V4, released on July 17, 2025 and presented at ICML 2025, introduced holistic agentic evaluation.^[6] Recognizing that function calling forms the foundation of agentic AI systems, V4 tests tool-calling in real-world agentic settings across three new evaluation dimensions: web search with multi-hop reasoning, agent memory management, and format sensitivity. The team motivated the web-search track by noting that "LLM agents often rely on static knowledge bases with a fixed cutoff date, which makes them less effective when handling queries about recent events or information beyond their training scope."^[6]

Web Search with Multi-Hop Reasoning

The web search evaluation assesses how effectively models can answer questions that require retrieving and integrating information from multiple sources through sequential search queries. The category "contains 100 human-crafted multihop questions spanning various domains," which expand into a weighted 200-point web-search score through error-injection variants.^[6] For example, answering "Who founded the fastest-growing U.S. business in 2024?" requires first identifying the business, then searching for its founder.

Hop distribution: Questions span 2-hop, 3-hop, and 4-hop categories across domains including technology, business, geography, and culture.

Error injection for robustness testing: BFCL V4 injects randomized real-world failures into the search pipeline to test error recovery capabilities. The injected errors include:^[6]

Error Type	Description
503 Server Error	Service unavailable
429 Too Many Requests	Rate limiting
403 Forbidden	Access denied
ConnectTimeout	Connection timeout
ReadTimeout	Read timeout
ConnectionError	Network connection failure

Models are tested at 0%, 50%, and 100% URL fetch failure rates. The evaluation also tests models with and without DuckDuckGo search snippets, and with tools entirely disabled to measure reliance on internal knowledge versus genuine search use.

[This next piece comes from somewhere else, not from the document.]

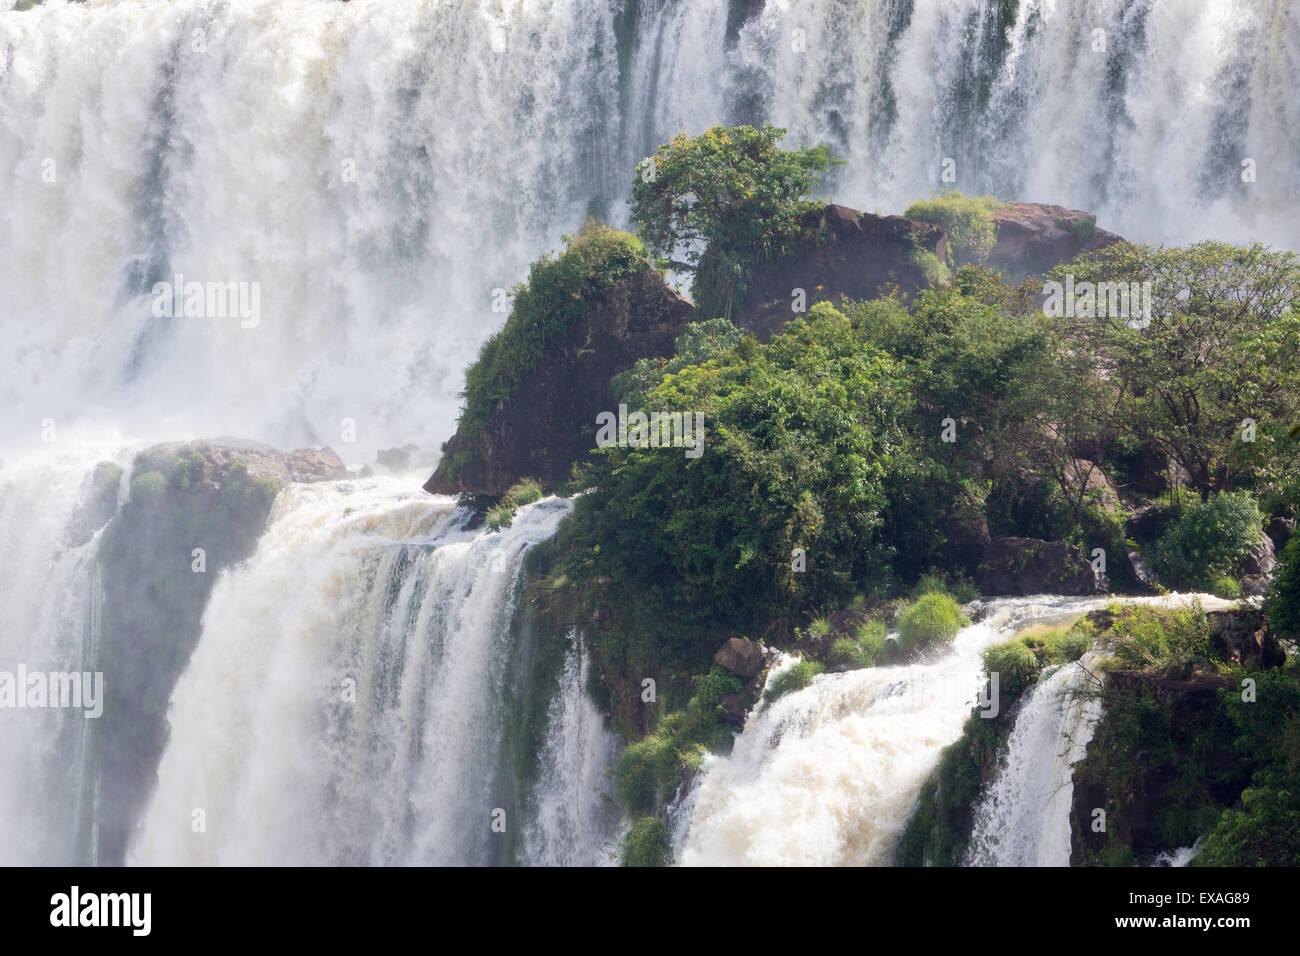 Cascadas, el Parque Nacional de Iguazú, Patrimonio Mundial de la UNESCO, Argentina, Sudamérica Foto de stock

Scoring: Responses must follow a structured format with answer and context fields. Evaluation uses exact-match metrics on the answer field, with text normalization (lowercase conversion, punctuation removal) before comparison.

Key web search findings:

Higher hop counts correlate with increased reasoning steps required.
Accuracy drops dramatically when tools are disabled, confirming genuine search reliance.
Common failure modes include avoiding tool usage despite availability, incorrect temporal assumptions, poor keyword selection, and misinterpreting retrieved content.
Some recent models answered from training knowledge rather than performing actual searches.

Memory Management (465 Test Cases)

The memory evaluation tests how models manage conversational memory using dedicated memory tools. This assesses the ability to store, retrieve, update, and reason over information accumulated across a conversation.^[7]

Three memory architectures are evaluated:

Architecture	Mechanism	Best For
Key-Value Store	BM25+ keyword search for exact lookups	Structured recall with clear naming conventions
Vector Store	FAISS with all-MiniLM-L6-v2 embeddings for similarity-based retrieval	Semantic generalization across phrasing variations
Recursive Summarization	Running text buffer that accumulates and compresses conversation history (10,000 character limit)	Long conversation tracking with periodic compression

Five practical domains are tested:

College Student Advising
Customer Support
Personal To-Do List Management
Healthcare Patient Tracking
Finance Managing Director scenarios

The evaluation uses a "snapshot-and-reload" approach: models first populate memory through multi-turn prerequisite conversations, then the memory state is serialized and preserved. Follow-up evaluation questions test retrieval accuracy without the benefit of prior dialogue context.

Key memory findings:

High-performing models separated concerns between core memory (identity facts) and archival memory (dynamic details).
A critical failure pattern was identified where models prioritized newly received urgent information and discarded previously stored details prematurely, causing recall failures despite having adequate storage capacity.
Claude 3 Sonnet emerged as the top performer across all three memory architectures, scoring 53.55% (Key-Value), 63.87% (Vector Store), and 67.74% (Recursive Summarization).^[7]

Format Sensitivity (200 Test Cases)

The format sensitivity evaluation examines how consistently models produce correct output when the input prompt format varies. The principle is that a model should produce the same correct function call regardless of how the prompt or expected output format is specified.^[8]

Five dimensions are tested:

Dimension	Variations
Return format	Python, JSON, verbose XML, concise XML
Function documentation format	Python, XML, JSON
Tool calling tags	With or without XML-style wrappers
Prompt format	Plaintext vs. Markdown
Prompt style	Variations in tone and phrasing

A total of 26 distinct prompt configurations are generated by combining these variations. Testing across 20 models confirmed a strong linear relationship between sampled and full dataset results, validating the sample's representativeness.^[8]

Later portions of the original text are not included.